BOSTON—Combined results from a pair of six-month, randomized trials indicate that aerobic exercise improves executive function to a significantly greater degree than do stretching and tone exercises in patients with mild cognitive impairment (MCI) or mild insulin resistance, Laura Baker, PhD, reported at the 2013 Alzheimer’s Association International Conference. The benefits were greatest in carriers of the APOE ε4 allele.

But the reason behind this improved function remains something of a mystery, said Dr. Baker, Associate Professor, Wake Forest School of Medicine in Winston-Salem, North Carolina. “In APOE ε4–negative participants, the mechanism is probably improved insulin sensitivity. But in the APOE ε4–positive patients, it seems to be some other mechanism that we don’t understand.”

Exercise modulates the risk of cognitive decline in several ways, according to Dr. Baker. “It has a diversified portfolio of targets,” she said. “Exercise exerts benefits on inflammation, improves the integrity of both macro- and microvessels, has a beneficial effect on physical and psychologic stress, and modulates inflammation, all of which have been shown to have potent effects on amyloid burden.”

These findings over the years have “set the stage nicely for clinical trials,” said Dr. Baker. “But what’s the right exposure? Who are the best responders? And what is the clinical significance of the changes? Do they translate into any improvement in quality of life?”

Two Physical Activity Trials
To answer some of these questions, Dr. Baker and her colleagues conducted two randomized, physical activity trials. The researchers recruited 67 participants: 33 subjects in a study of exercise in adults with MCI and 34 subjects with impaired insulin sensitivity who were in a similar study.

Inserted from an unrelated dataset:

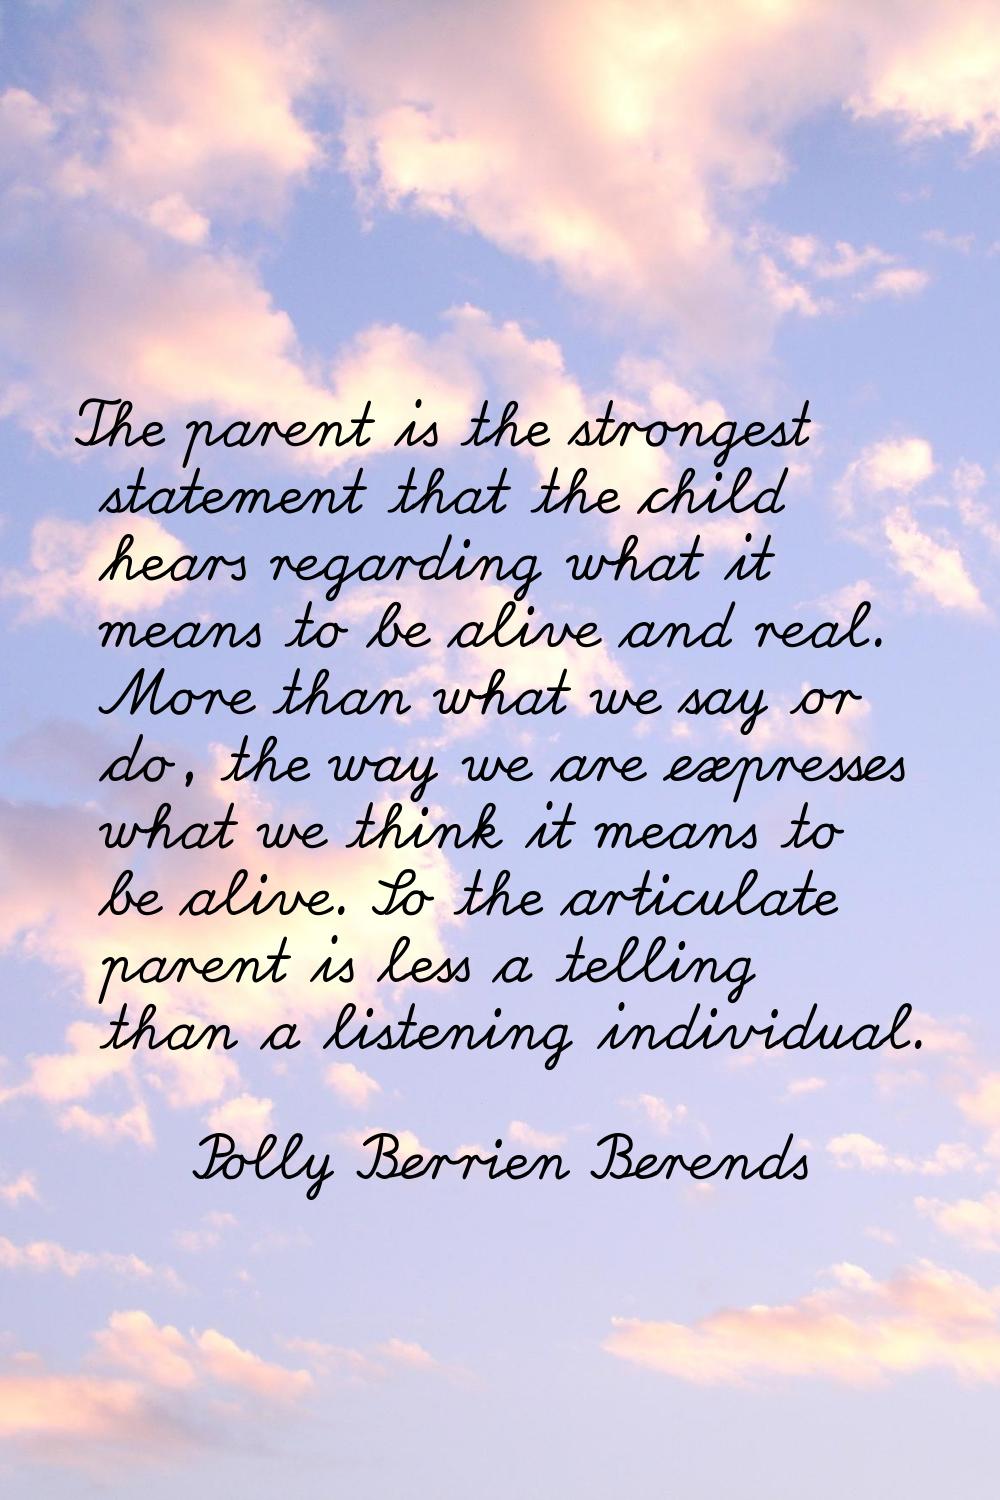 The parent is the strongest statement that the child hears regarding what it means to be alive and

The two studies examined different aspects of the relationship between cognitive and metabolic health, Dr. Baker said. “Mild metabolic disease leads to vascular dysfunction and poor glucose tolerance, which puts a person at an increased risk of MCI and Alzheimer’s dementia.”

Both studies were six months long and randomized participants to 45-minute sessions of either a stretching and toning program or aerobic exercise, conducted four times a week. Both were held at local YMCAs and supervised by trained staff.

For the duration of the stretching program, the target heart rate was less than 35% of the maximum; the exercises also included balance and yoga. The aerobic program aimed for a heart rate of 70% to 80% of the maximum rate. It consisted of increasingly difficult workouts on a treadmill, stationary bike, or elliptical trainer. Adherence was very good, Dr. Baker said, with 93% of the subjects in each study completing the protocol.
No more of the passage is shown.